# Front Audio Leads not working



## rgp3000 (Oct 4, 2005)

I am having issues with the front audio conections of my box. The 9 pin audio connector on the motherboard has the following pin connections labled:

MIC
GND
MIC-POWER
+5VA
AUD-OUT-R
BACKOUT-R
GND
(empty)
AUD-OUT-L
BACKOUT-L

However the two leads from the front of the case (to the front of the case audio connections) each have 4 wires with the following lables and colors. 

Bundle 1: GND (black), LIN (Red), MIC BIAS (White), L OUT (GREEN)
Bundle 2: MIC IN (White), RIN (Red), R OUT (Green), GND (Black)

Since the lables don't match (and the manual is no help), I'm not sure what leads to connect to what pins.

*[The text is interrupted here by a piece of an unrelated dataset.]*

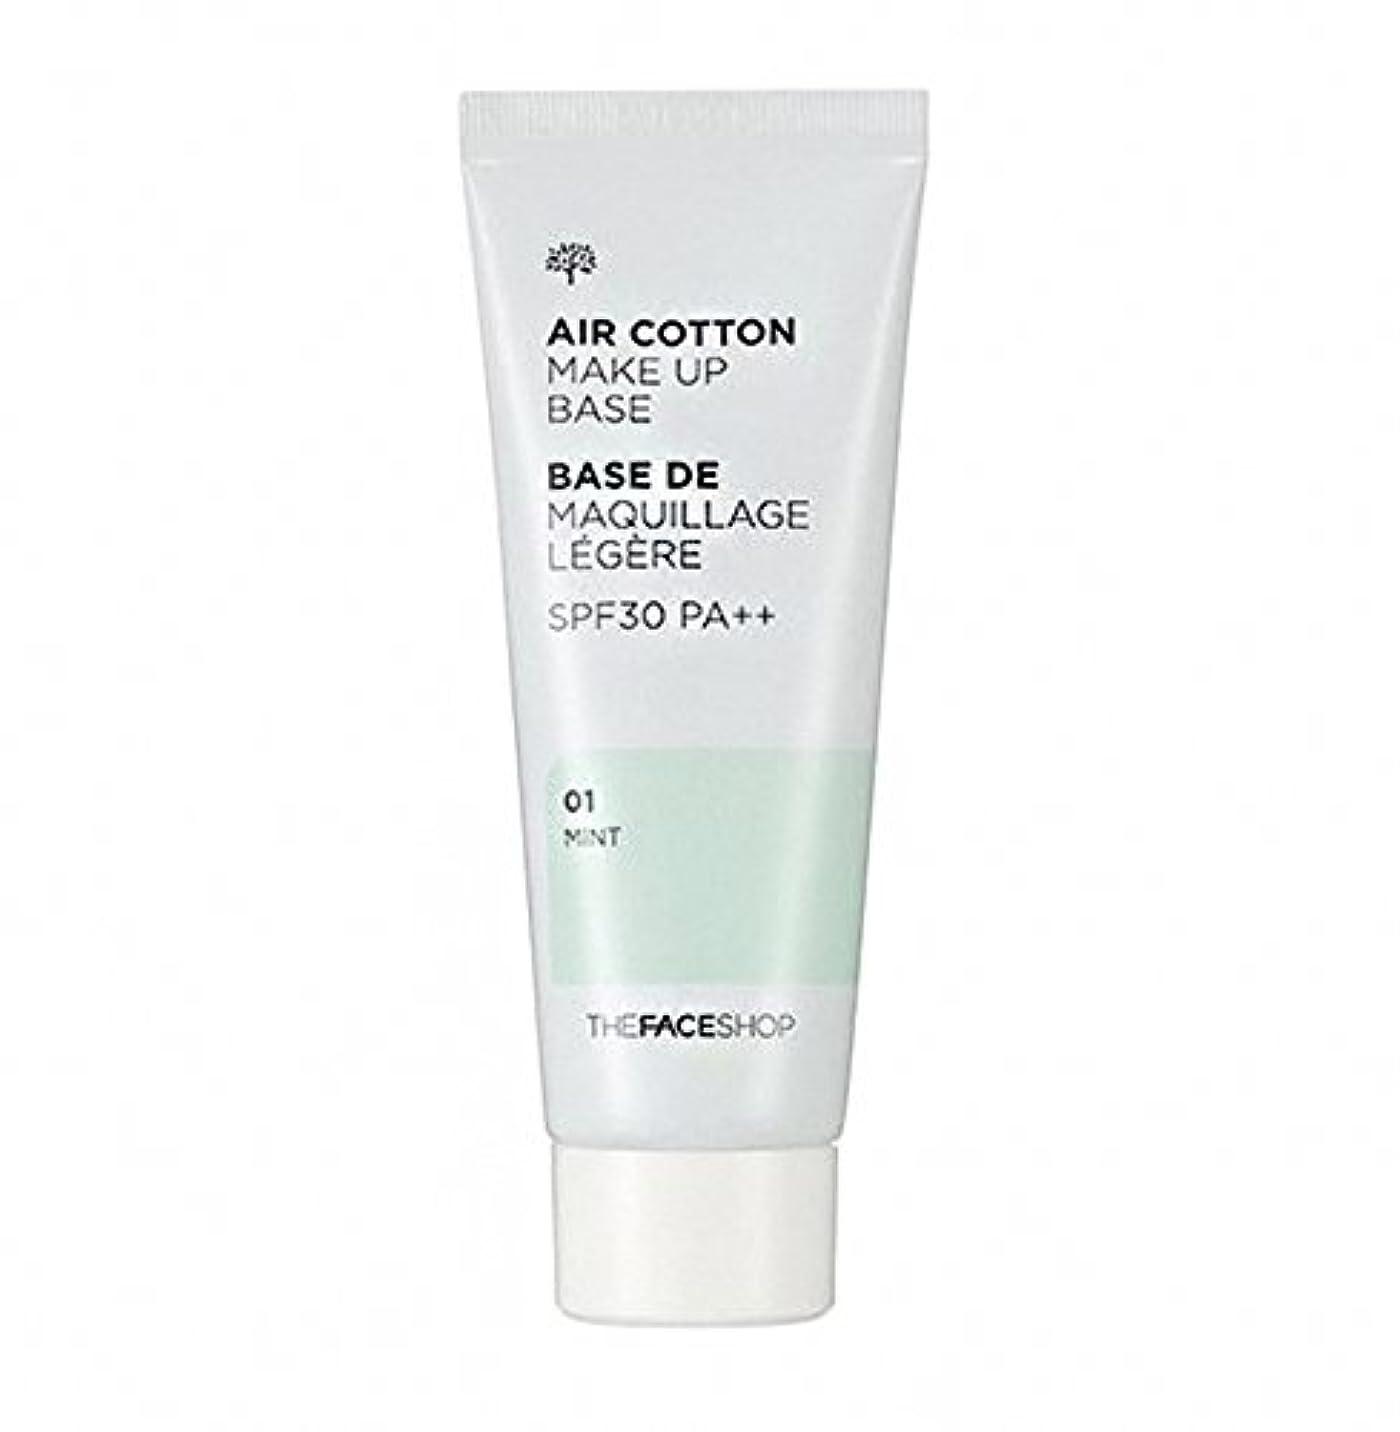 パスポート宇宙委任するザ·フェイスショップ The Face Shop エアコットン メーキャップ ベース 40ml(01 ミント) The Face Shop air Cotton Makeup Base 40ml(01 Mint) [海外直送品]

Can anyone help? Someone else mentioned to me the issue was the leads are using the AC '97 variation but my motherboard is using the new coding for Intel. This might be true, but it still didn't tell me what to connect to what.


----------



## Tumbleweed36 (May 14, 2005)

Hi,

What kind of motherboard and case are you trying to match up?


----------



## Tumbleweed36 (May 14, 2005)

rgp3000 said:


> I am having issues with the front audio conections of my box.
> 
> MIC
> GND
> ...


Here are a couple I have done not too long ago, but neither match exactly with yours:

*Case ----->MB*
BLUE ----->BLINE_OUT_L
RED ----->Line out_L
PURPLE ----->BLINE_OUT_R
YELLOW----->Line out_R
ORANGE----->MICPWR
GREEN ----->MIC2
BLACK ----->AGND

I connected only one of the black GRN cables from the case, for me the cables come in two groups of four each having the black wire. I connected the one that was in group with the ORANGE one. I don’t think it really matters which one but if one doesn’t work you can always try the other.
___________________

Don’t know if this will help, but this is from an Antec Sonata Case and a P4P800 motherboard.

The pin assignments are: 

*Case……………..Motherboard * 
AUD GND………. AGND 
FRONT-L……….. LINE_OUT_L 
FRONT-R………. .LINE_OUT_R 
MIC……………….MIC2
MIC BIAS…………MICPWR
RET-R……………. BLINE_OUT_R 
RET-L…………….. BLINE_OUT_L 

Leave the motherboard's +5VA and NC pins alone. 
____________

Like I said, this is a shot in the dark since I don't know the case or the motherboard since you didn't list it. A shot in the dark is better than no shot at all.........I tried to help.


----------



## rgp3000 (Oct 4, 2005)

Thank you. I'll give that a try tomorrow and see if it works. If it helps the monther board is an Asrock 775i65GV. Unfortunatly, I don't know the case type.


----------



## leroys1000 (Aug 16, 2005)

MIC
GND
MIC-POWER
+5VA
AUD-OUT-R
BACKOUT-R
GND
(empty)
AUD-OUT-L
BACKOUT-L

Bundle 1: GND (black), LIN (Red), MIC BIAS (White), L OUT (GREEN)
Bundle 2: MIC IN (White), RIN (Red), R OUT (Green), GND (Black)

GND is ground of course
MIC bias goes to MIC power
MIC in goes to MIC
AUD-OUT-R -R OUT
AUD-OUT-L -L OUT
BACKOUT-R -RIN 
BACKOUT-L -LIN 

The connections are set up in a loop.
The left and right channels come out of the board
to the front jacks and back out of the jacks to the
motherboard to feed the rear outputs.
When you plug any thing in to the front jacks,
it will disconect the rear.
This is handy when you use headphones they will shut off the speakers.


----------